I’m not interested in creating a perfect object— if what defines an object is our
removal from it. Instead, I’m searching for gestural links that emphasize what we
share with the non-human world, how we are related not only to animals, but to trees,
for instance. The awareness of our relatedness has ethical implications as we
recognize that we, ourselves, are not masters set apart from everything else, but living
communities of different organisms affected even by the inanimate world. I want my
art to materialize a personal environment in which the suggestively biomorphic
volumes of my sculptures engage the viewer— so tactile apprehension leads to
recognition, to contemplation, and to moments of exhilaration. If I’m not making art
with some awareness of what is at stake in our time, I wouldn’t want to be an artist.
Ashwini Bhat, 2020
Ashwini Bhat, an artist based in Petaluma, California, holds an M.A degree in literature and an
earlier career in classical Indian dance. She studied ceramics with American expatriate Ray Meeker in
Pondicherry, India.
Bhat’s work explores the deep relationship between the human and non-human, between the
constructed and the inherent. She often introduces radical but somehow familiar forms to suggest
the complex connection between the sculptural and the human body.
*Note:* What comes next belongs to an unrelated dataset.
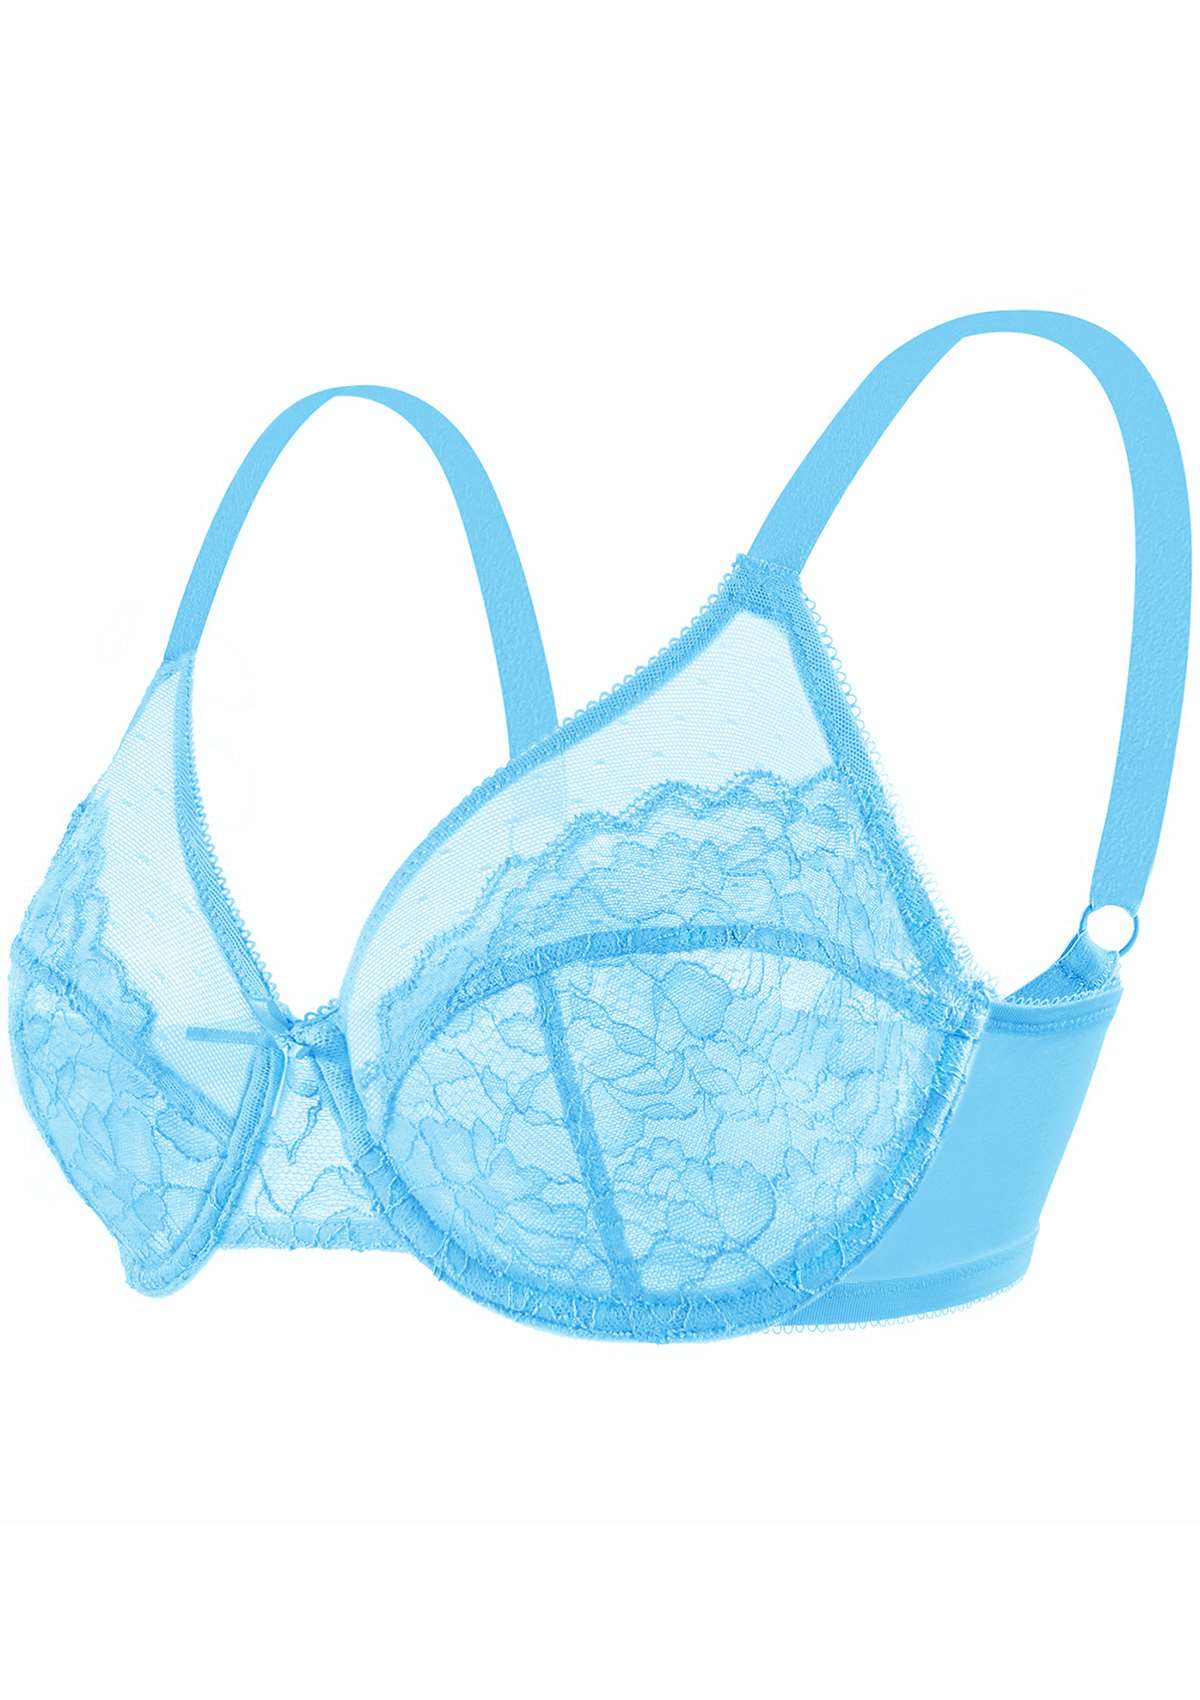 HSIA Enchante Minimizer Lace Bra: Full Support For Heavy Breasts - Capri Blue / 46 / D

Her work has been exhibited nationally & internationally in, among others, The Lacoste/Keane
Gallery, Cavin-Morris Gallery, Cohen Gallery/Brown University, the American Jazz Museum, the
Newport Art Museum; Shigaraki Ceramic Cultural Park (Japan) India Art Fair (India), FuLe
International Ceramic Art Museum (China); Woodfire Tasmania (Australia). Her sculpture also has
been widely reviewed and featured in Brooklyn Rail (USA), Lana Turner: a Journal of Poetry and Opinion
(USA), Riot Material (USA), Ceramic Art and Perception (USA/Australia),, Ceramics Ireland (Ireland), New
Ceramics (Germany), Caliban (USA), Crafts Arts International (Australia), The Studio Potter (USA),
Logbook (Ireland), and Ceramics Monthly (USA).